Nothing was actually terribly wrong with me and, six years later, I was actually pretty happy to fork over $30 to have someone tell me to put Vaseline up my nose. But, it was a wake up call.

I have to start listening to my horoscope and focus on my health. I’m not in my 20′s anymore. In your thirties, aches and pains aren’t something a bottle of water and a solid night’s sleep can cure, and putting things off won’t make them go away.

“I plan on spending the rest of a really long life with you,” my boyfriend told me in the car on the way to the urgent care. “This year we both need to take better care of ourselves and not put things off.”

I nodded. Later, as I was cleaning the apartment, because it had been a stressful day, I told him, “I’m scared that this is an omen.”
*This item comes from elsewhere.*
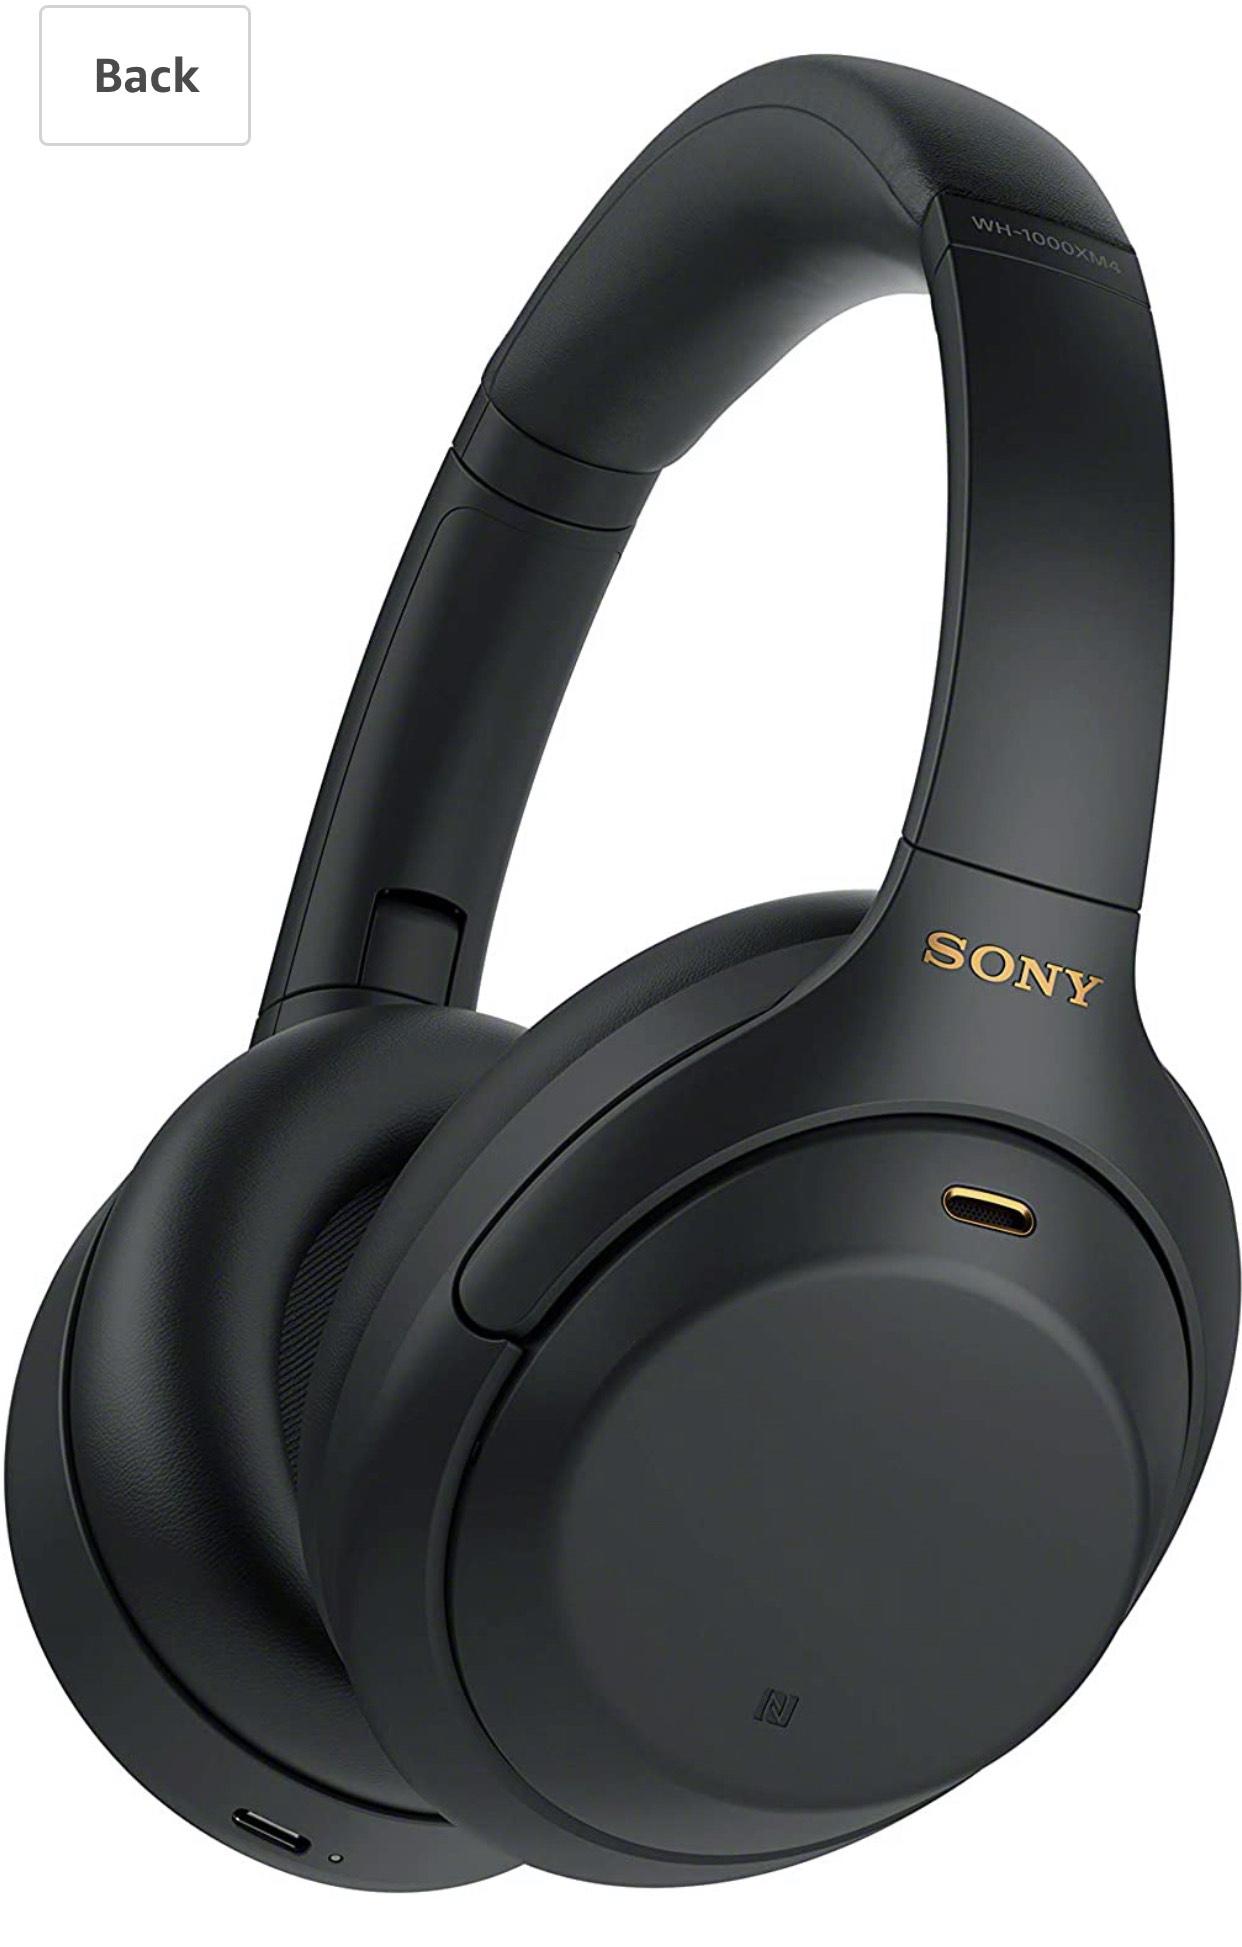 Sony WH-1000XM4 Noise Cancelling Wireless Headphones - £245.32 @ Amazon

“An omen for what?” He asked.

“I’m nervous that this is how things are starting, that this is just a sign of what the rest of the year will be like for me.”

“It doesn’t have to be,” he said.

And he’s right.

2016 will be the year I go to all the doctors and get all the scary tests and shots I need. It will be the year I force myself to go on hikes and go to yoga. Hell, maybe I’ll even hire a cleaning service. “Getting in shape” means more than just a gym membership for me.

2016 is the first year I’ll be in my thirties for the entire year, and I don’t really have time to fuck around with putting off my health and diagnosing myself off the Internet.